Our friends at the Good Earth Garden Center at 15601 Cantrell Road in Little Rock have some advice to get your garden started and how to transition seamlessly.

From Good Earth horticulturist Jennifer Gibson:

  1. Having healthy soil is the foundation for any garden. Good soil is the foundation for all plantings, including vegetable and herb gardens.  Many Arkansans struggle with heavy clay soils or the other extreme, sandy soils.  Neither one is optimal and both will benefit from adding several different kinds of compost — earthworm castings, peat moss, organic compost, vermiculite — as well as quality potting soil. In clay soils, also add some garden sand.  This will increase air circulation and water drainage of the soil.  
  2. Keep garden elevated. It can be easier and more convenient to manage when the garden is up higher, so consider adding a raised garden or planting in containers. A container needs to be insulated from the cold weather so thin-walled plastic pots, concrete, heavy glazed pottery or whiskey barrels won’t work. Also, make sure the container has good drainage. Add several inches of drainage rock, then some weed fabric, which will keep the soil from washing down into the rock, and add quality potting soil, earthworm castings and some compost.  

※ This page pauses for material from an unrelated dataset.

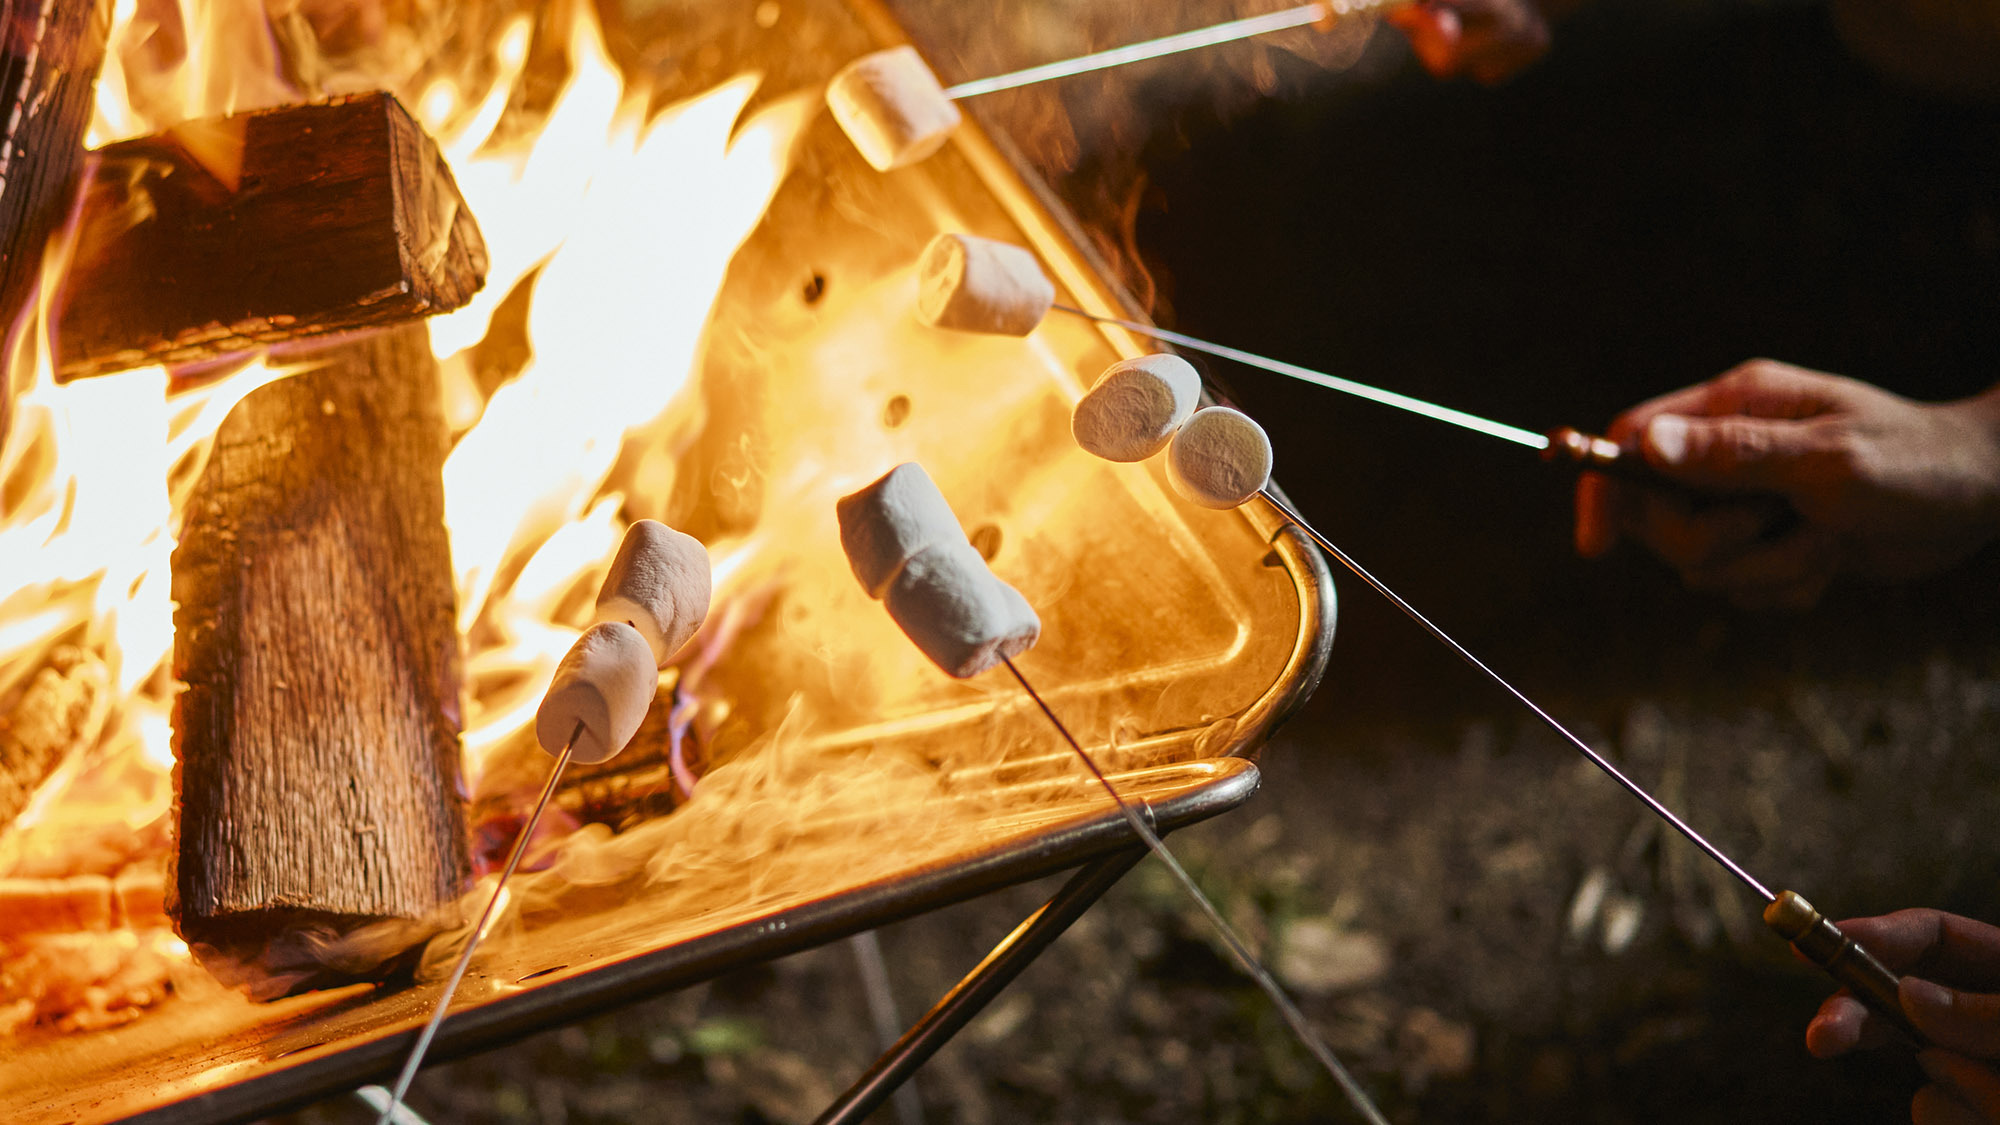 ・【キャンプファイヤー】弱火でじっくり、美味しいこんがりきつね色のおいしい焼マシュマロの完成です

  3. There are plenty of herbs and veggies ideal for fall growing. Rosemary is a great option because it is evergreen and looks wonderful with pansies or violas planted around it.  Add in some ornamental or edible cool-season greens like cabbage, lettuce or kale and you will have a beautiful and tasty planter to harvest from. The pansy blooms are even edible and are a beautiful addition to salads. There is still time to start a garden by seed too. One good tip is to soak the seeds in water for 24 hours before planting. This will greatly reduce the germination time — the time it takes for the seed to sprout.  Radishes, broccoli, spinach and all sorts of veggies are available by seed.  Cilantro and parsley prefer cooler temperatures, so now is a great time to plant them either as transplants or by seed.
  4. Trimming is just the trick. Summer can be hard on herbs, but often times if the herbs get a good trim, they will sprout out with new growth and give you another season. Mint is a great late-season reviver and can be perennial, too, depending on the weather. Don’t stop watering just because the nights are a little cooler; daytime temperatures are still high and small seedlings dry out fast. Plants do not like to freeze dry, so water well before severely cold weather unless there has been rain.
  5. Fertilizer is the key to a healthy garden. When planting small seedlings, use a good starter fertilizer, such as Bio-Tone Starter Plus, which contains beneficial bacteria, humates and mycorrhizae for fast root establishment. Feed regularly with an organic fertilizer, such as Espoma Garden-Tone, and bi-weekly with a liquid fertilizer like LadyBug Natural Products John’s Recipe.  All of these are natural and formulated for optimum utilization by the plant.